Exactly. "Without pretending every author is also an engineer" is the line — that pretense is what breaks down at scale. The harness is what lets the same workflow safely accept changes from very different authors without lowering the quality bar.
That is the right boundary. The harness should make contribution safer, not flatten everyone into the same role. A non-engineer can bring domain taste, examples, constraints, and edge cases; the harness translates that into checks the system can actually enforce.
That is a much better model than asking every author to become half-engineer just to participate.
Beautifully put — "the harness translates that into checks the system can actually enforce" is exactly the design problem. The series wrap-up I have coming next week is almost entirely about that translation work, which I've come to think of as the whole job. You named it cleaner than I did.
That translation work feels like the real product. The hard part is not giving non-engineers a prettier text box; it is turning domain intent into enforceable constraints without making the author learn the machinery.
Looking forward to the wrap-up. That boundary between expression and enforcement is where these systems either become empowering or quietly dangerous.
"Translation work feels like the real product" is exactly how I've come to think of it. And the "prettier text box" trap is real — you can ship a sleek interface on top of the same untranslated mess, and it just routes the failure further downstream. The hard work isn't in the surface, it's in turning intent into something the system enforces while the author keeps thinking in their own language.

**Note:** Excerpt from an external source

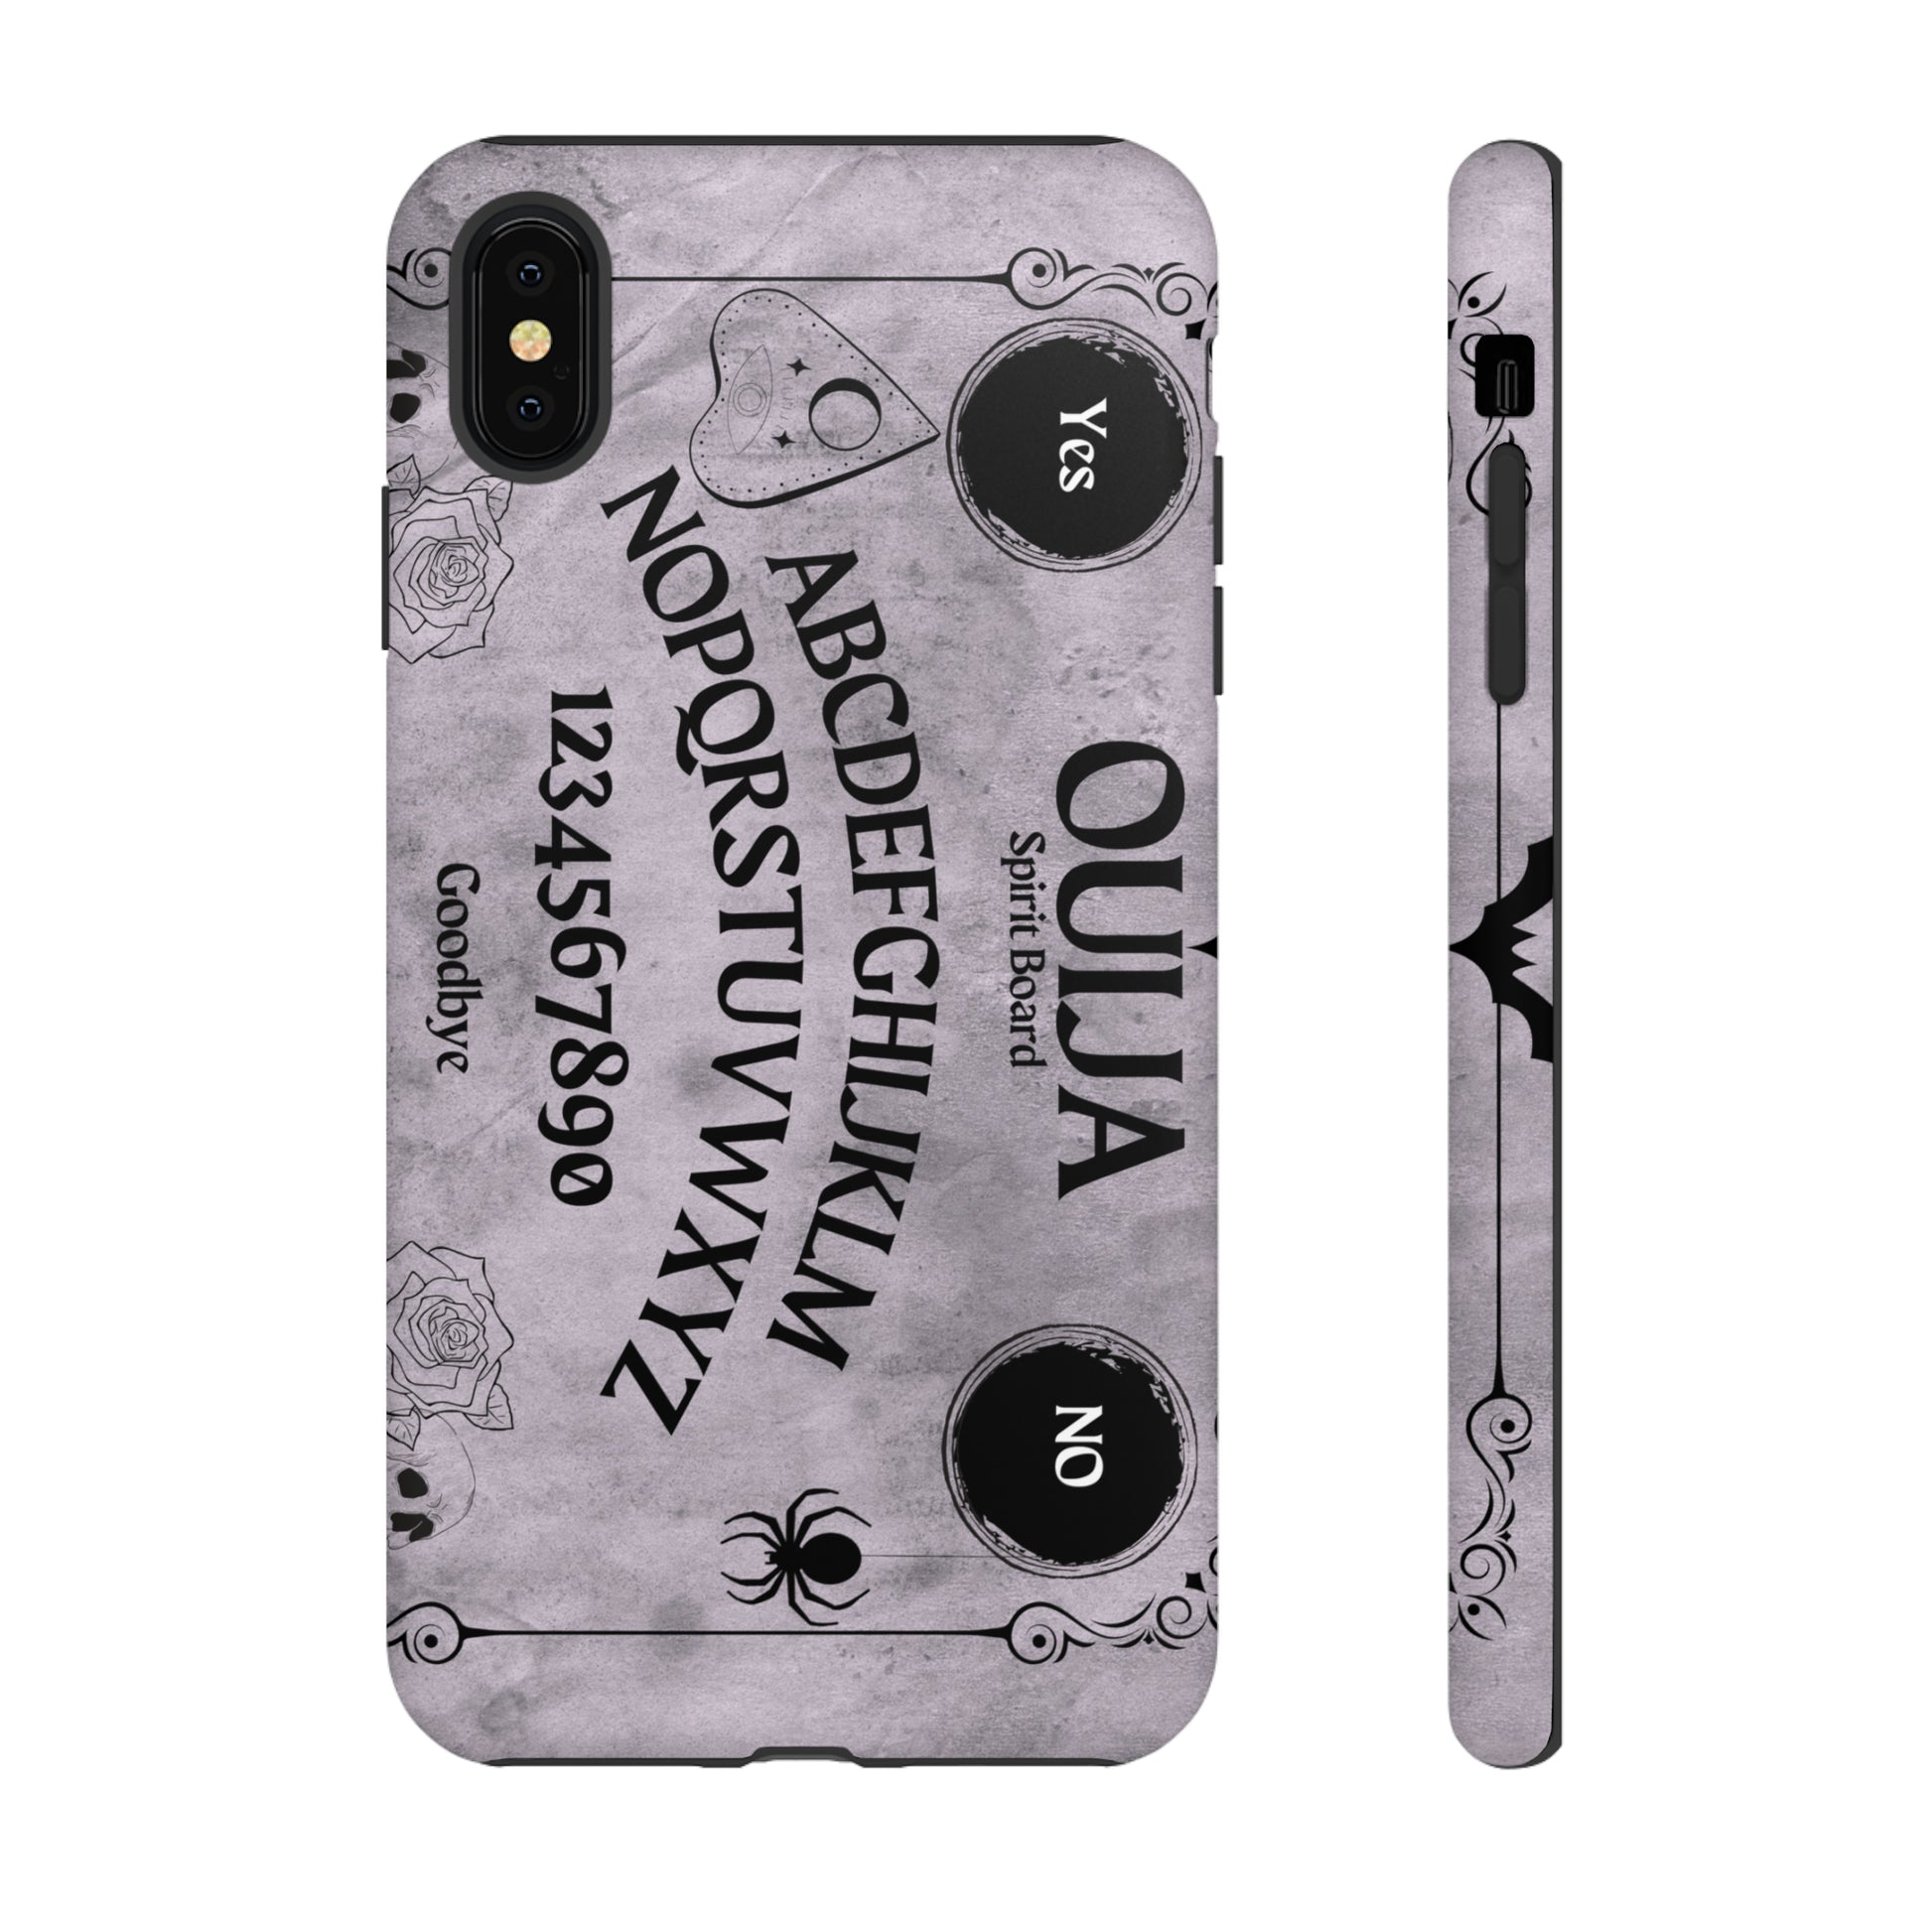 Ouija Board Tough Phone Cases For Samsung iPhone GooglePhone CaseVTZdesignsiPhone XS MAXMatteAccessoriesGlossyhalloween

Your "empowering or quietly dangerous" framing — I'd phrase it slightly differently: this is fundamentally about the quality of the harness design itself. A well-built harness empowers; a sloppy one becomes a hazard. That's an old systems-engineering truth, not AI-specific — what's new is the kind of author we're handing the harness to, not the principle.
This works when the harness turns intent into reviewable structure. A non-engineer can author a change, but the system still needs hard gates around tests, ownership, and risky surfaces. Otherwise “anyone can author” becomes “no one owns the failure.”

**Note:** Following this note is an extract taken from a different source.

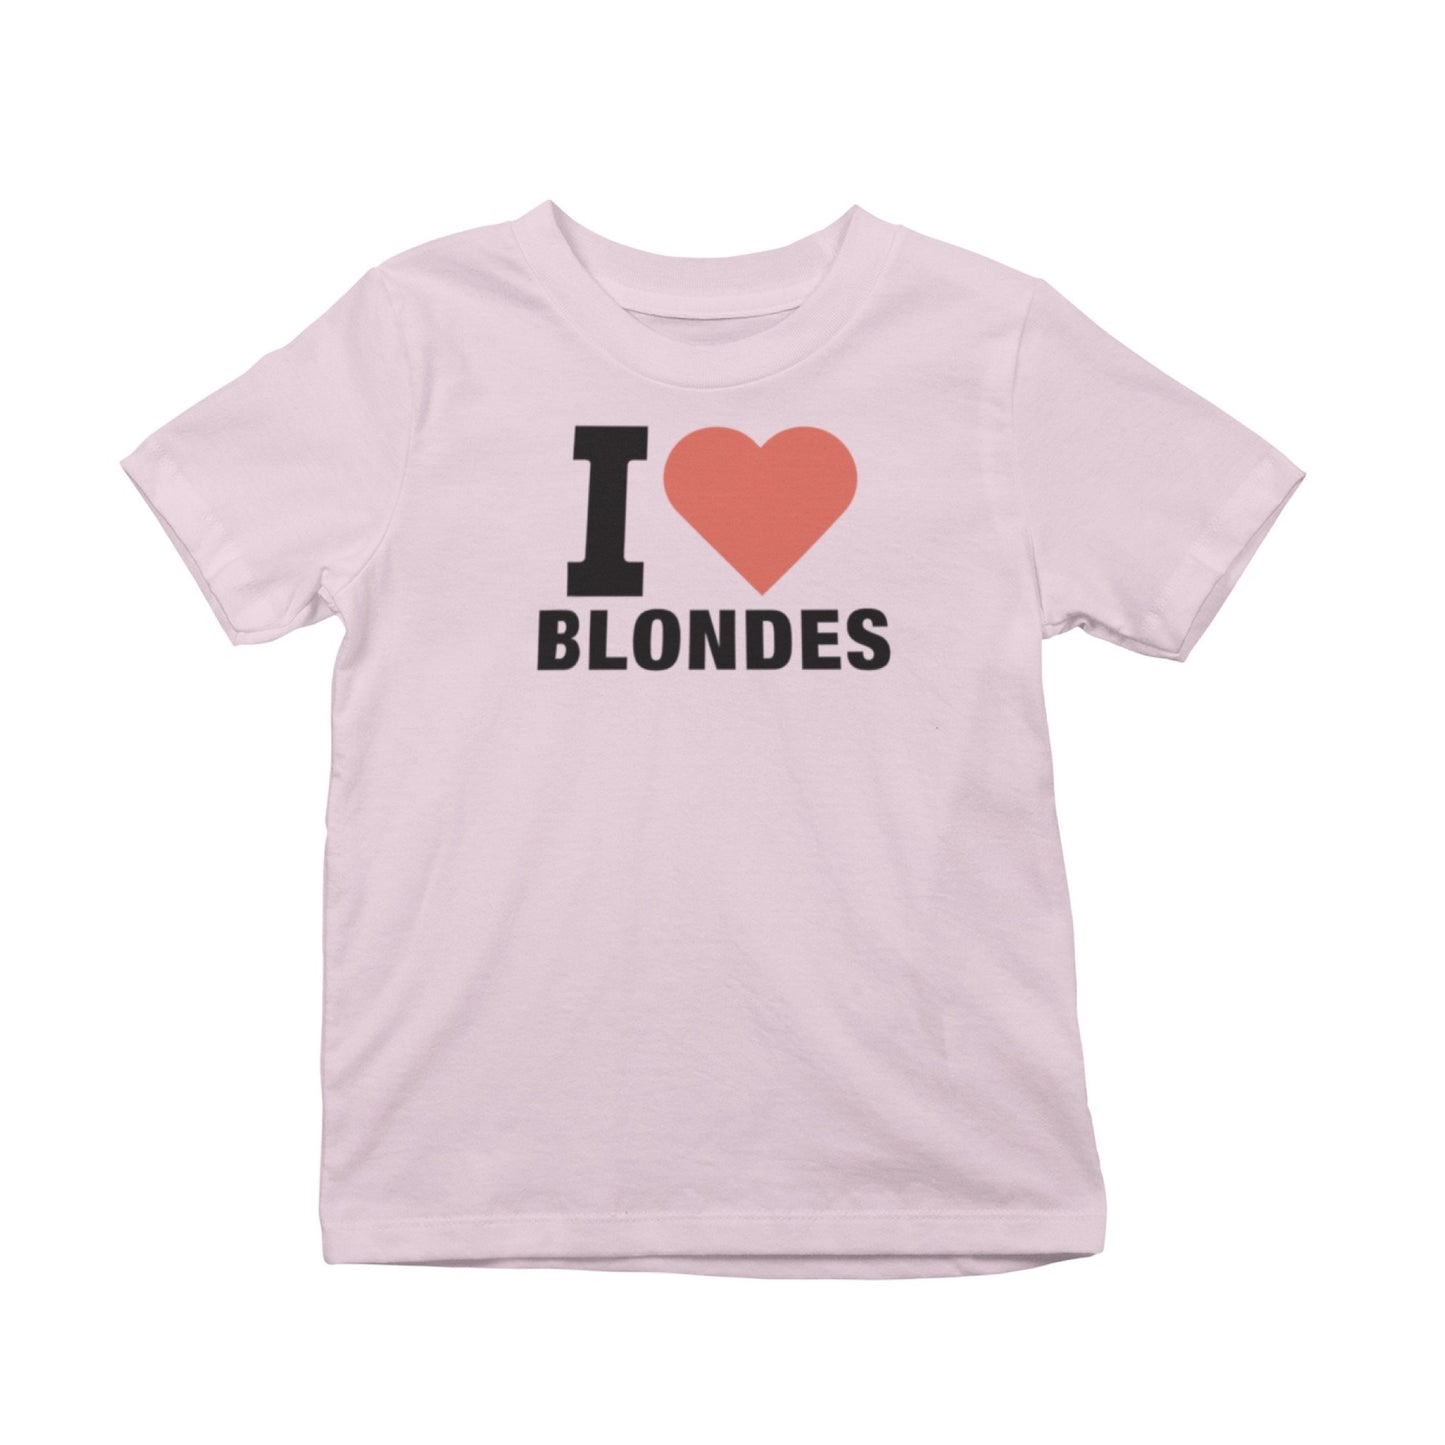 I Heart Blondes T-Shirt

Exactly the right framing. The harness in cortex separates authorship from failure ownership: anyone (PMO included) can author the change, but the failure ownership sits at the system layer, not the PR layer. PR-level correctness is owned by Auto Review + the test / lint gates you mentioned. System-level reliability — "did this keep running in production" — is owned by the engineers who designed the harness, backed by Self-Healing for routine fixes and human escalation for what Self-Healing can't crack. "Anyone can author" only works because "someone owns the system" is true one layer up.
The four-mechanism flywheel is convincing, and the scope fall-through catch is a great example of the gate doing real work. The open question for me is the one you flag yourself: the harness still needs engineers to extend it, and those engineers got their judgment from years of exactly the implementation work you're now routing around non-engineers. So who lays the rails in ten years? The harness buys huge leverage today but quietly depends on a generation of engineers it doesn't reproduce.
Sharp question — and one I keep coming back to. My current bet: the rails-laying side stays engineering work for a long while, and the next generation of engineers grows by doing exactly that. The implementation work isn't going away; it's moving up one level, from "implement this feature" to "design the gate that catches the next class of bug like this." That's still hard, still requires years to mature, still builds the same muscle in a different shape. Engineering doesn't reproduce by accident — it reproduces by doing real work, and there's plenty of real work at the harness layer. Whether the shape of that judgment ends up identical to today's, I doubt — but the path isn't broken either.
standing up a stack is hard, building on top of one isn't 😀
Yes, exactly. The harness is what makes the "building on top of one" half safe enough to hand off. Without the harness, even that side stays engineering work.